Kaycee Lai spent years in Silicon Valley trying to avoid calling attention to his ethnic identity.
Early in his career, if he left work to get bubble tea, a Taiwanese drink, he’d tell his white colleagues he was getting coffee. When co-workers made comments about his race—such as suggesting that, as an Asian male, he should be in coding rather than sales—he would laugh them off.
“For the longest time, Asian-Americans have felt like you can achieve the American dream so long as you shut up and aren’t seen,” says Mr. Lai, who worked at Microsoft and software company VMware before founding his own data-analytics firm, Promethium, in 2018.

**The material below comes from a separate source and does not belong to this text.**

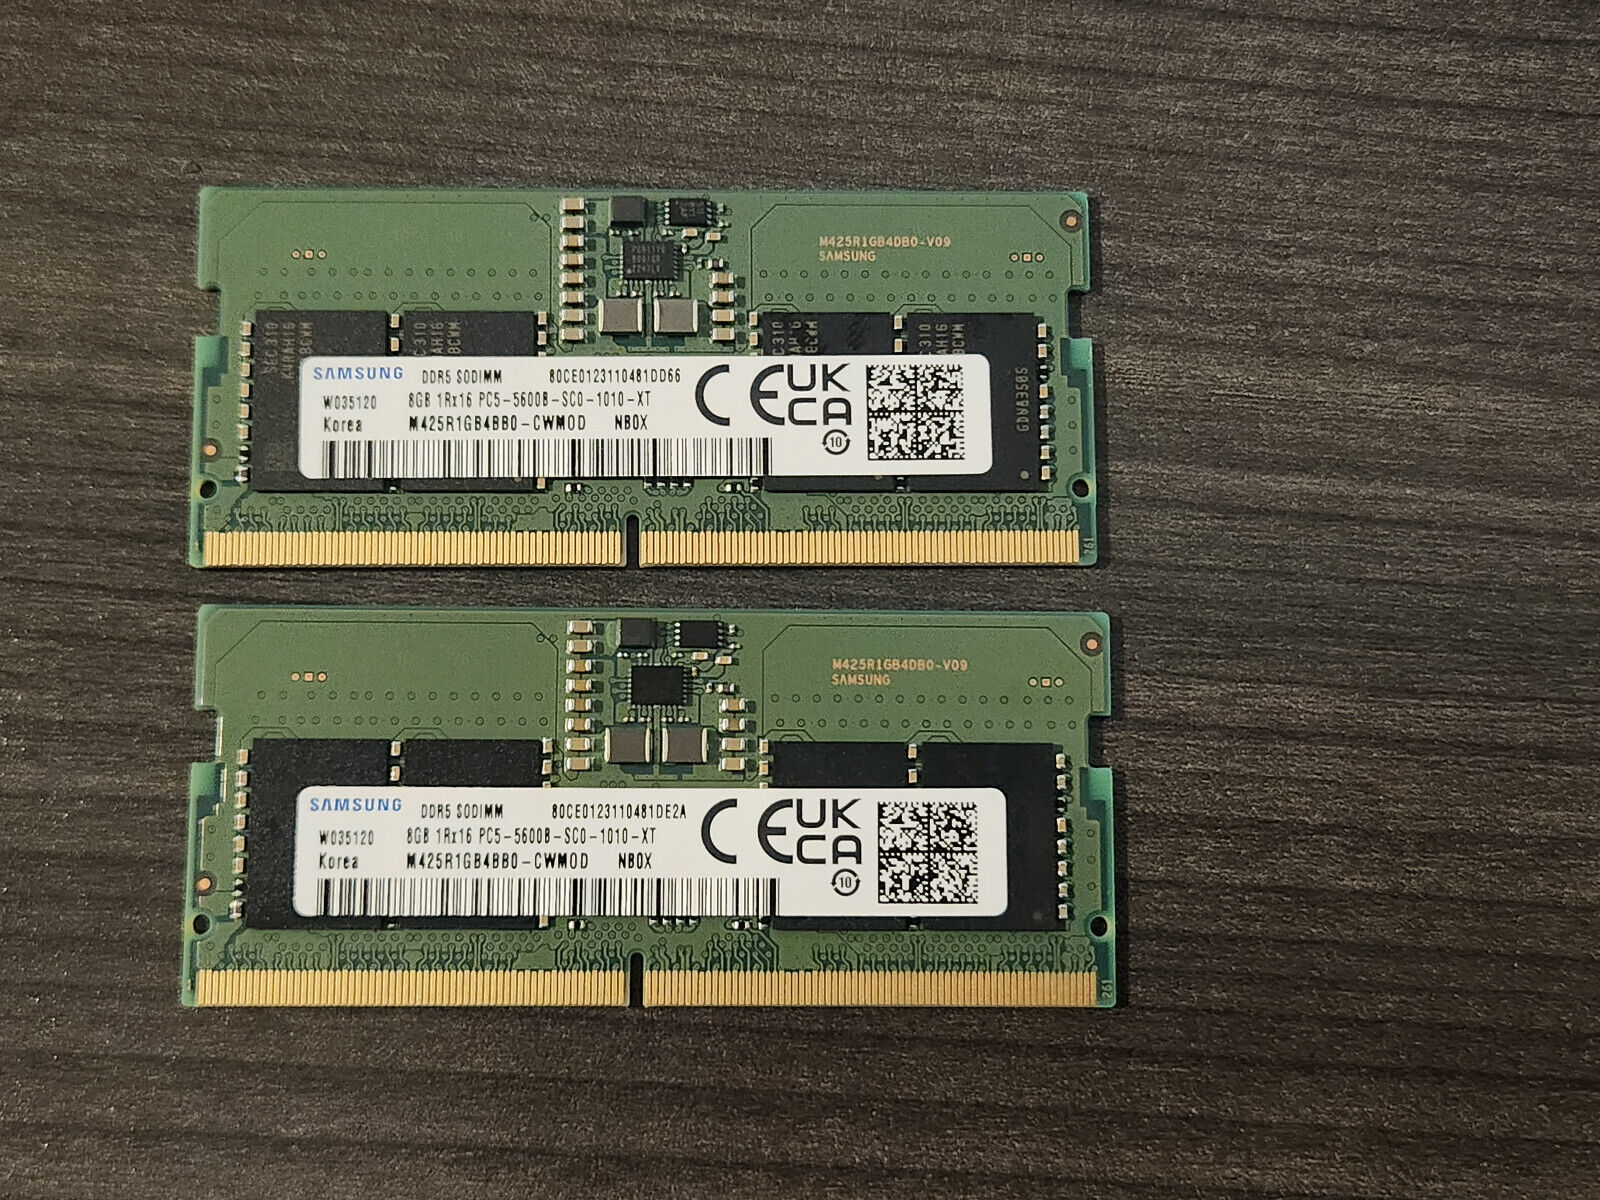 Samsung 16GB Kit(2x8GB) PC5-5600B DDR5 SODIMM Memory M425R1GB4BB0-CWM0D
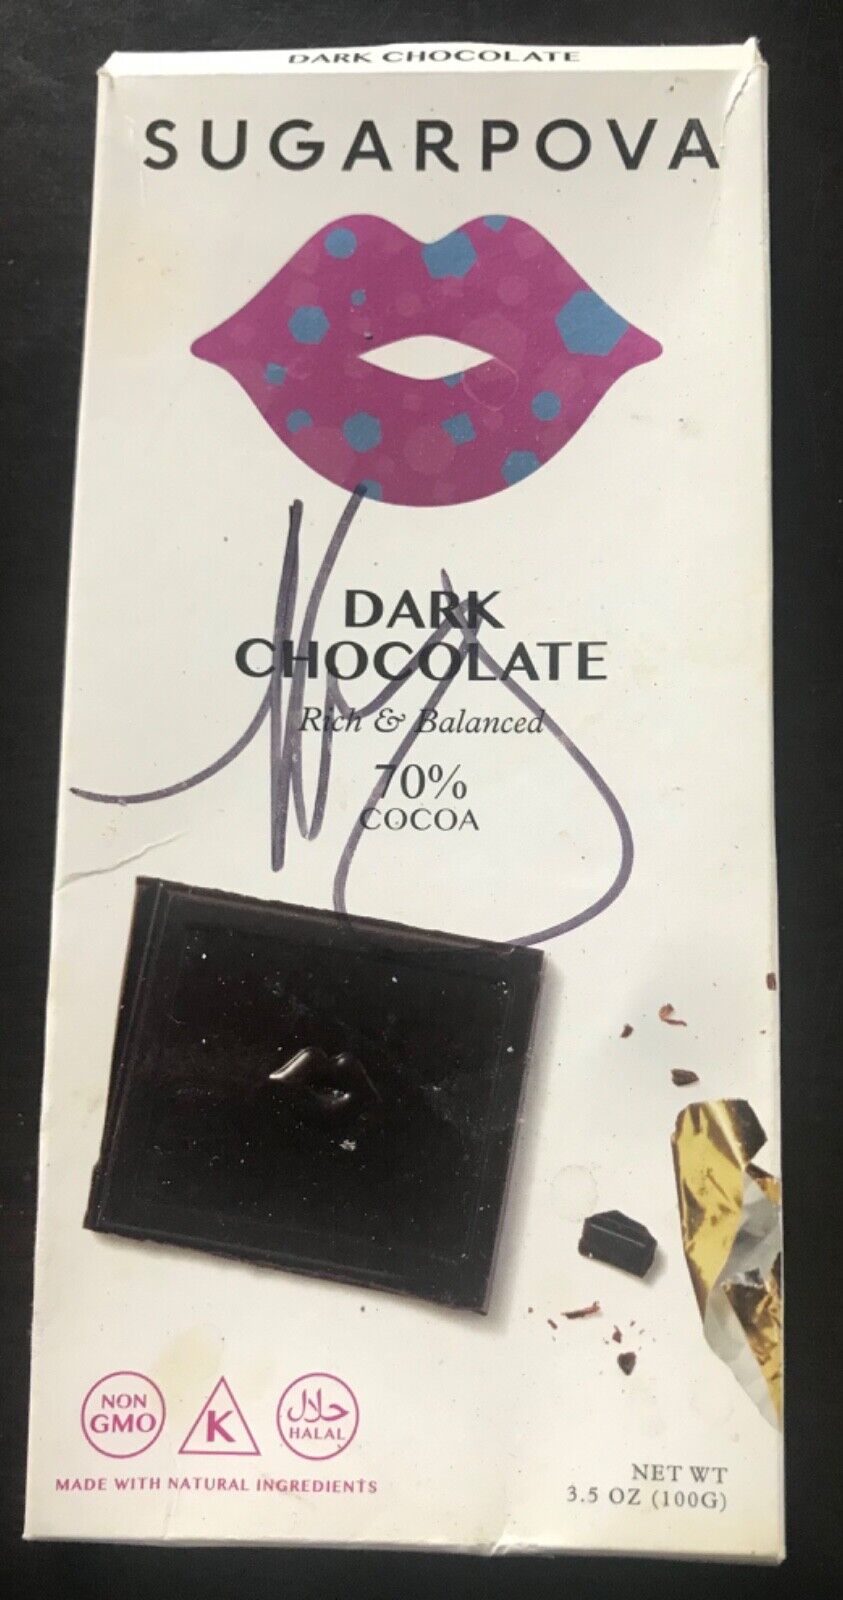 Maria Sharapova Autograph/Signed On An Empty Box of Sugarpova Dark Chocolate

But amid a wave of outrage and sorrow prompted by a recent surge in verbal and physical attacks against people of Asian descent, that sentiment is changing among many Asian-American professionals. Since the Atlanta shooting last month in which six women of Asian descent were among eight killed, many Asian professionals have talked at company town halls about their experiences of racism and what it means to be Asian in U.S. workplaces and society. Some have pushed for donations from their employers toward issues facing Asian communities, while others have simply called for Asians to be more visible in the workplace.
“When you’re sticking out like a sore thumb, you try harder to blend in,” says Mr. Lai, 44. “But this is a new generation, and we feel like we do have a right to be heard.”